DNA sequences diverge over time through mutations. Species that share a more recent common ancestor have had less time to accumulate differences, resulting in more similar sequences.

Q5: Natural selection acts directly on an organism's genotype.

Answer: FALSE

Natural selection acts on PHENOTYPES (observable traits), not directly on genotypes. However, because phenotypes are influenced by genotypes, selection indirectly changes allele frequencies over generations.

Evidence for Evolution

You must evaluate multiple lines of evidence: fossil sequences, comparative anatomy (homologous vs analogous structures), embryology, and molecular biology (DNA and protein sequence comparisons). Practise linking each type of evidence to a specific conclusion about evolutionary relationships.

Natural Selection and Adaptation

Explain natural selection as variation, inheritance, differential survival and reproduction. Be precise — QCAA examiners penalise teleological language like 'organisms evolve in order to survive.' Focus on how environmental pressures select for pre-existing genetic variation within populations.

Speciation and Isolation Mechanisms

Distinguish allopatric speciation (geographic isolation) from sympatric speciation (reproductive isolation without physical barriers). Understand pre-zygotic and post-zygotic barriers, and practise explaining how gene flow cessation leads to genetic divergence and eventual reproductive incompatibility.
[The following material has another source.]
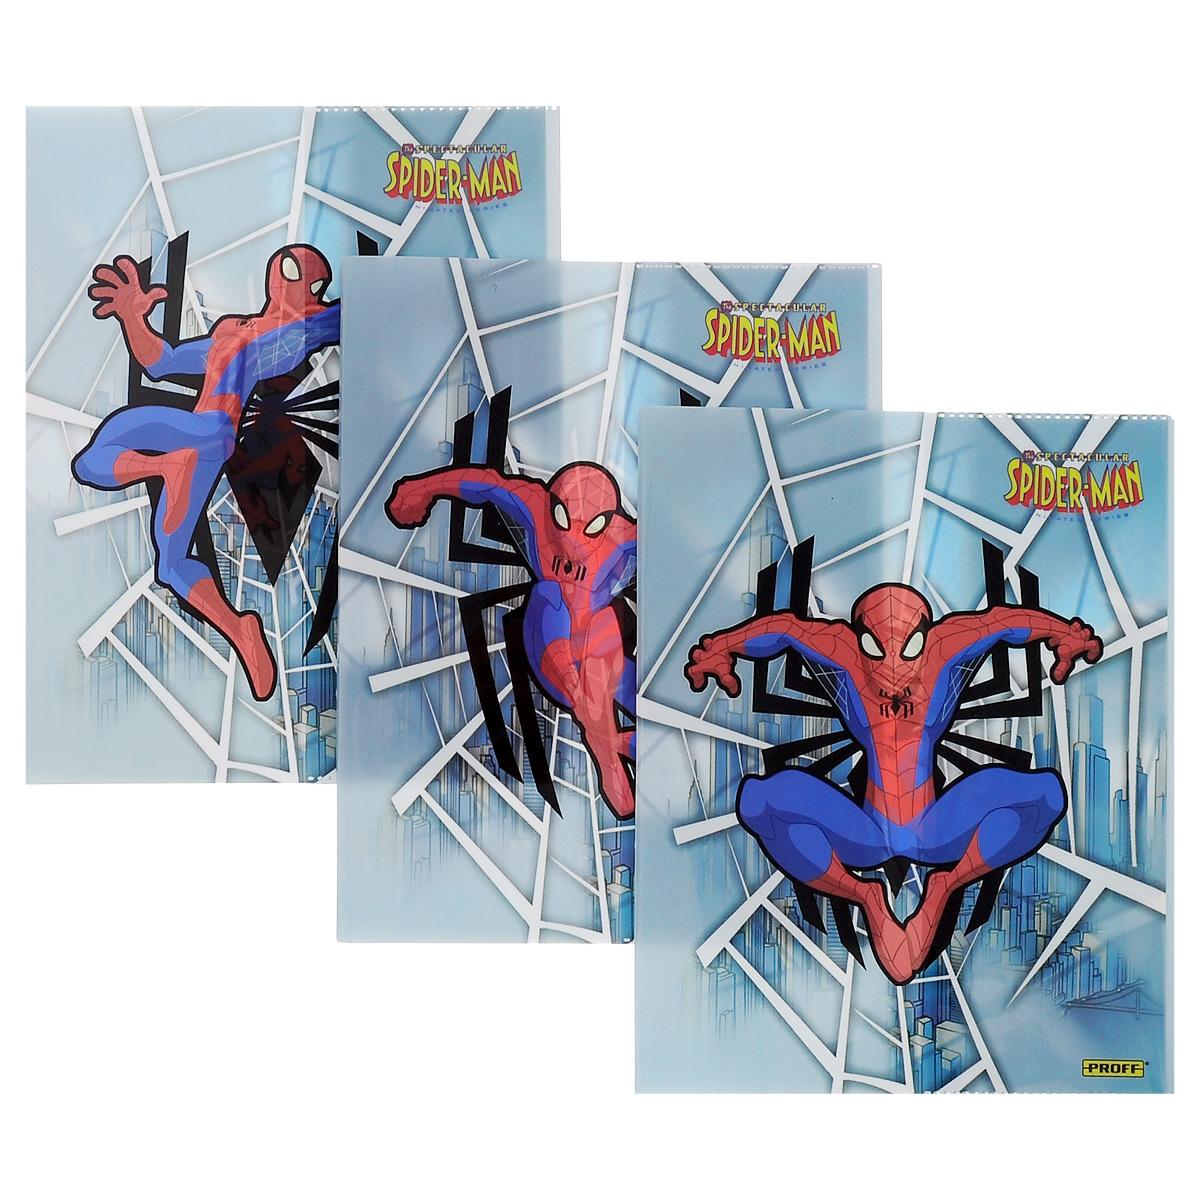 Прочная обложка Proff Spider-Man, изготовленная из ПВХ, защитит поверхность тетради или дневника от изнашивания и загрязнений. Изделие оформлено ярким изображением любимого супергероя.

Human Evolution and Genetic Drift

Understand how genetic drift, founder effects and bottleneck events differ from natural selection in driving allele frequency changes. Be able to discuss human evolution using hominid fossil evidence, and explain why small populations are more vulnerable to drift than large ones.

What does QCE Biology Unit 4 Topic 2 cover?

Unit 4 Topic 2 covers evidence for evolution (fossils, comparative anatomy, biogeography, molecular biology), natural selection, types of selection (directional, stabilising, disruptive), speciation (allopatric and sympatric), genetic drift, gene flow, mutation, the Hardy-Weinberg equilibrium, human evolution, mass extinction events, and strategies for biodiversity conservation.

What is the Hardy-Weinberg equilibrium in QCE Biology?

The Hardy-Weinberg equilibrium describes a theoretical population where allele and genotype frequencies remain constant across generations. It requires five conditions: no mutation, random mating, no natural selection, large population size, and no gene flow. It serves as a null model — deviations indicate evolution is occurring.

What evidence supports the theory of evolution?

Evidence includes the fossil record (showing change over time and transitional forms), comparative anatomy (homologous and vestigial structures), comparative embryology (similar developmental stages across species), molecular biology (DNA and protein sequence similarities), biogeography (distribution patterns explained by common ancestry and continental drift), and direct observation of natural selection in action.